Is $x\sin\left(\frac{1}{x}\right)$ uniformly continuous in $\mathbb{R}$?

Question

Let $f:\mathbb{R}\xrightarrow{}\mathbb{R}$ with rule defined as $$ f(x) = \left\{\begin{array} xx\operatorname{sin}\left(\frac{1}{x}\right) &\text{ if }x\neq0 \\ 0 &\text{ if } x=0 \end{array}\right. $$ I would like to show that this function is uniformly continous over $\mathbb{R}$. I started out with the $\epsilon-\delta$ definition and tried to manipulate the following expression without success, $$ \left|x \operatorname{sin}\left(\frac{1}{x}\right) - y \operatorname{sin}\left(\frac{1}{y}\right) \right |\\ =\left|x \operatorname{sin}\left(\frac{1}{x}\right) -x \operatorname{sin}\left(\frac{1}{y}\right) +x \operatorname{sin}\left(\frac{1}{y}\right) - y \operatorname{sin}\left(\frac{1}{y}\right) \right | \\ \leq \left|x \left(\operatorname{sin}\left(\frac{1}{x}\right) - \operatorname{sin}\left(\frac{1}{y}\right)\right) + (x - y) \operatorname{sin}\left(\frac{1}{y}\right) \right | $$ Also, the function isn't Lipschitz, so I can't go this way too. I've seen some other proofs at mathSE however they try to show things for smallers domains as $[0,1]$.

Answer 1

Hints:

(1) The function is continuous on any compact interval $[-a,a]$.

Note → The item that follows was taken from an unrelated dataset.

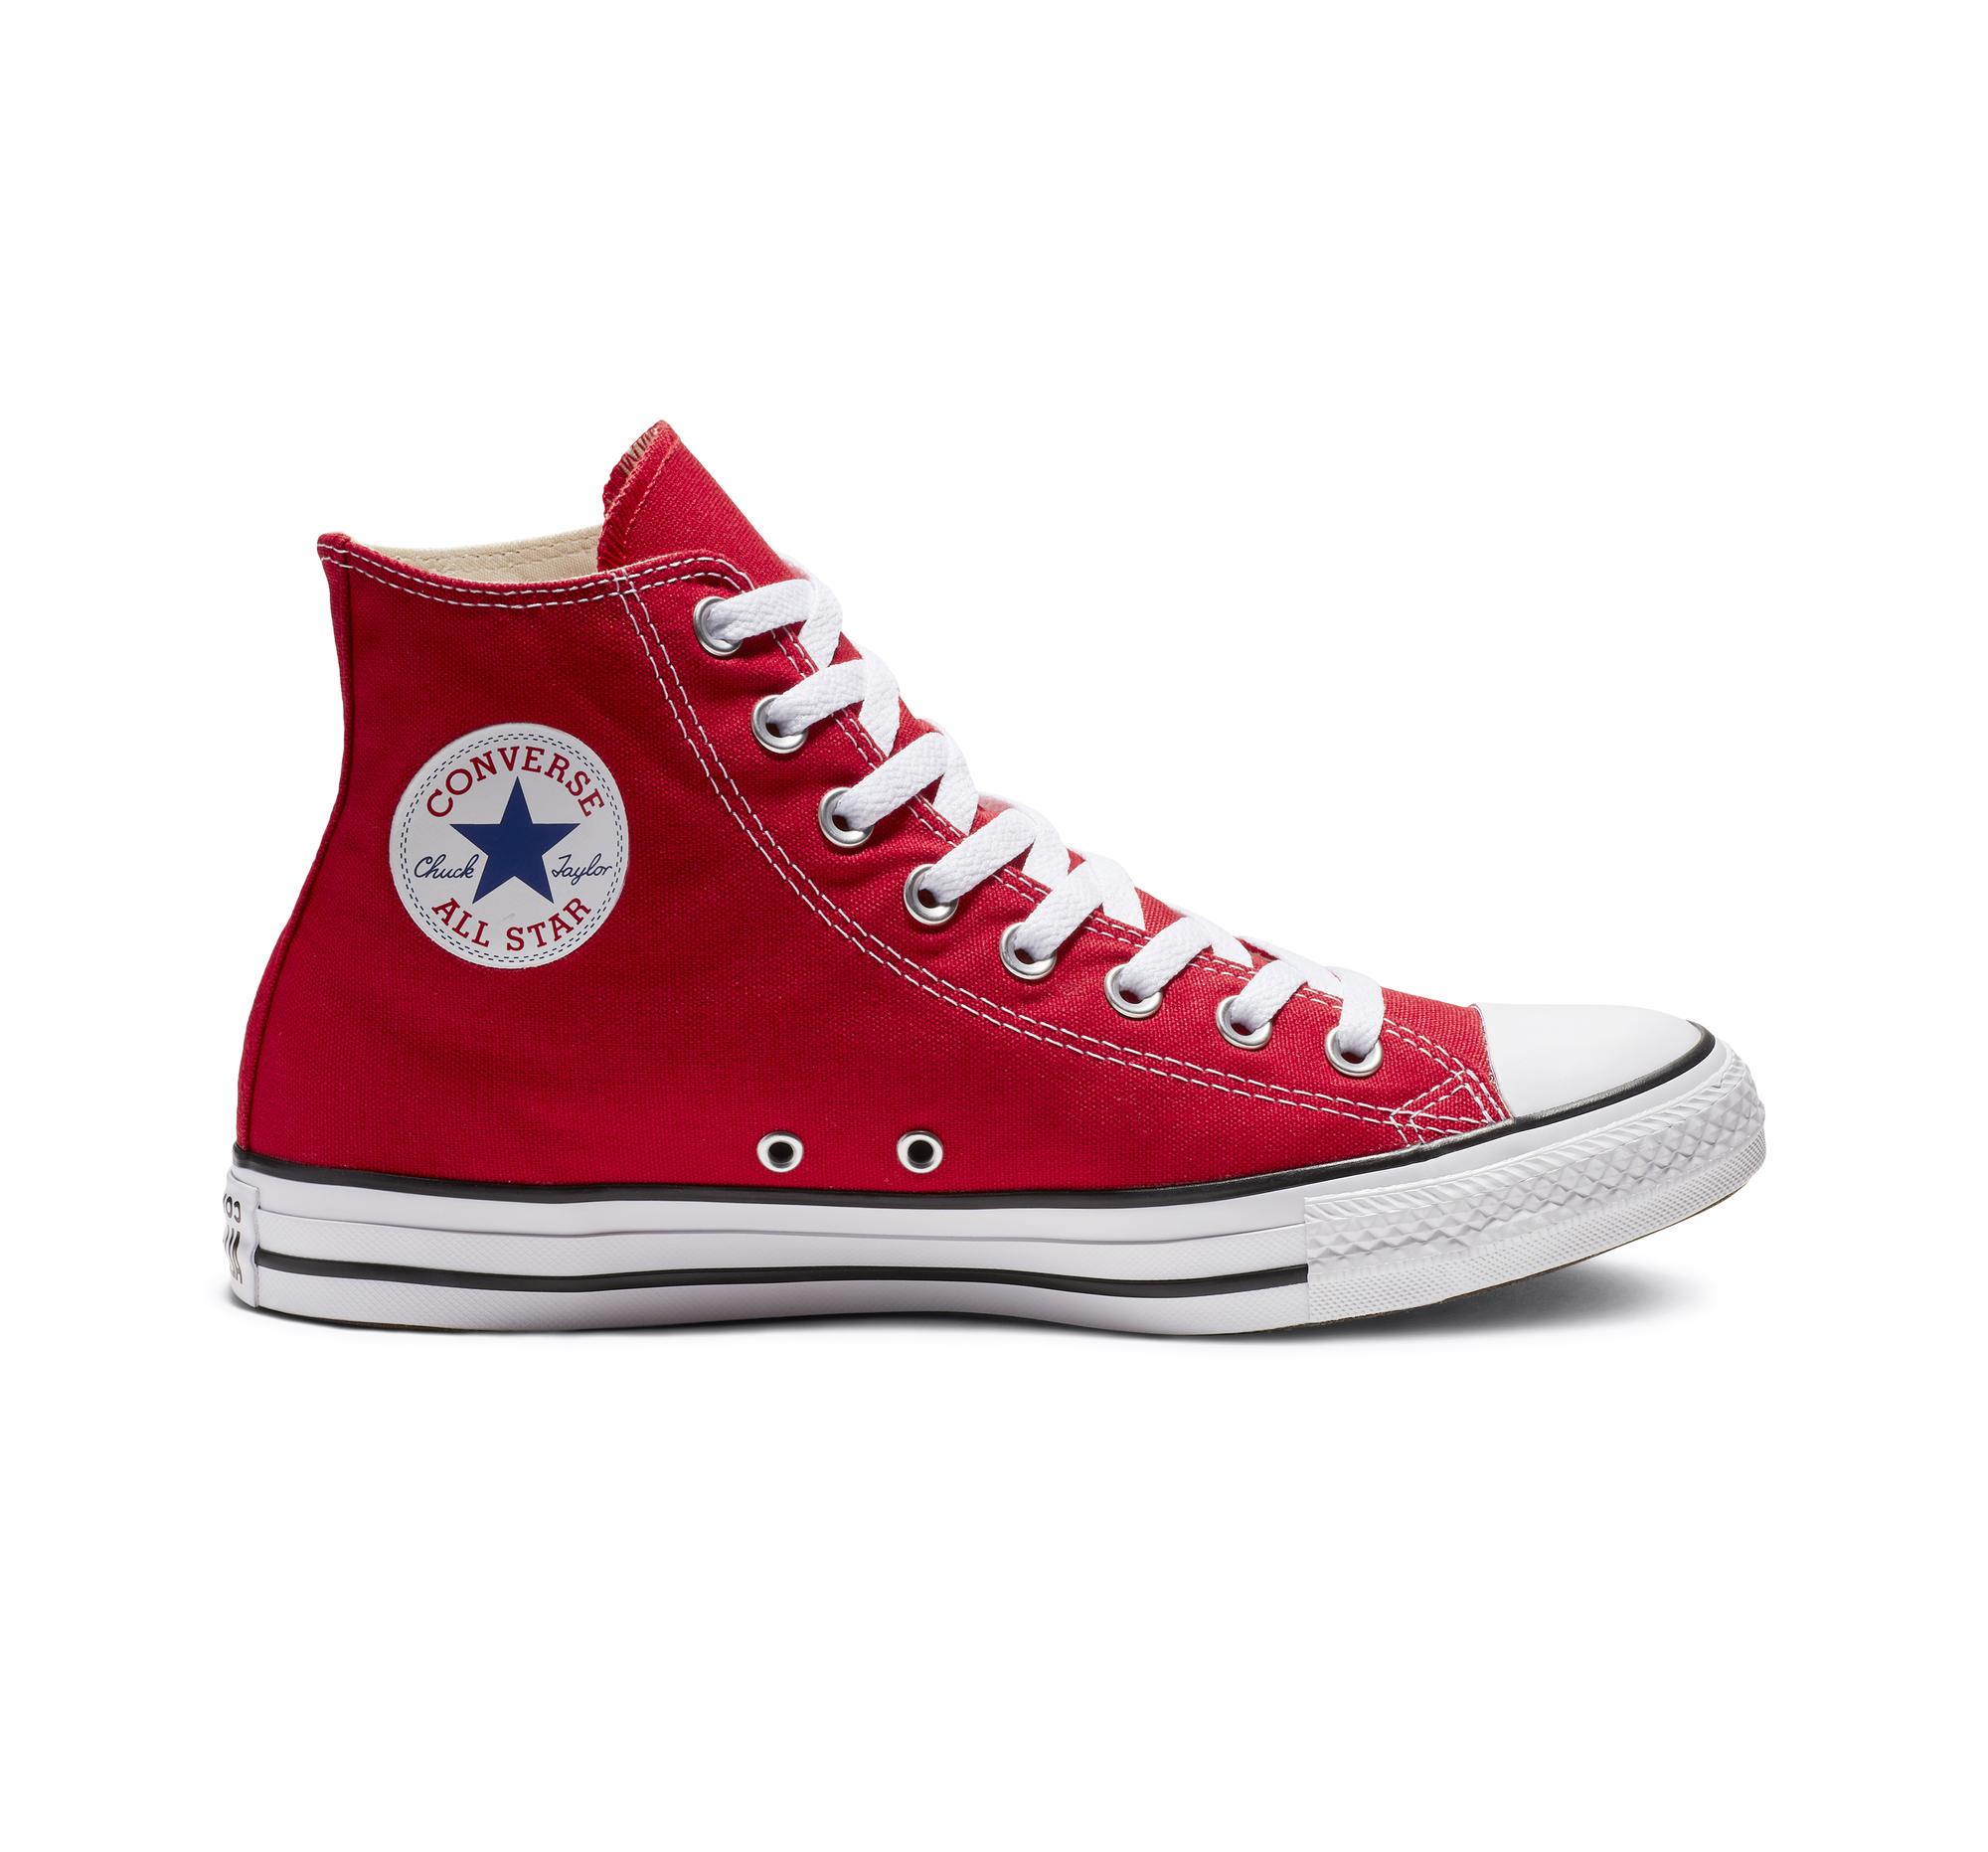 Converse Canvas Chuck Taylor All Star High Top Sneaker in Red - Save 58 ...

(2) The derivative is bounded on semi-infinite intervals $(-\infty,-a]$ and $[a,\infty)$ where $a > 0$.

Answer 2

Since $$\lim_{x\to\ 0} f(x) = f(0)$$ we know that $f$ is continuous particularly on $[-1,1]$. Hence, it is uniform continuous on $[-1,1]$.

Now, assume $x \in \mathbb R \setminus [-1,1]$. Then, by Lagrange's theorem (or MVT), we have $$\exists \xi \in (x,y): f(x)-f(y) = f'(\xi)(x-y) \tag 1$$ Also, $$|f'(x)| = \left|\sin\frac 1x - \frac 1x\cos \frac 1x\right| \le 1 + 1 = 2 \tag 2$$ Therefore, $$(1)\land (2) \implies |f(x) - f(y)| = |f'(x)||x-y| \le 2|x-y|$$ Now, apply $\varepsilon$-$\delta$ definition.

Answer 3

hint

$ f $ is even and continuous at $ \Bbb R $ .

Given $ \epsilon>0$.

$$\lim_{|x|\to+\infty}f(x)=1$$

So, for $ |x| $ and $ |y| $ large enough,

Let us say, $$x>y>A>0\text{ or } x<y<B<0$$

$$|f(x)-f(y)|\le|f(x)-1|+|f(y)-1|<\epsilon$$

On the other hand, $ f $ is uniformly continuous at the compact $ [A,B] $,

So, There exists $ \eta>0 $, such that

for $ x,y\in[A,B] $ $$|x-y|<\eta\implies |f(x)-f(y)|<\epsilon$$

Now, use continuity at $ A $ and $ B$ for the cases $$x<A<y \text{ or } x<B<y$$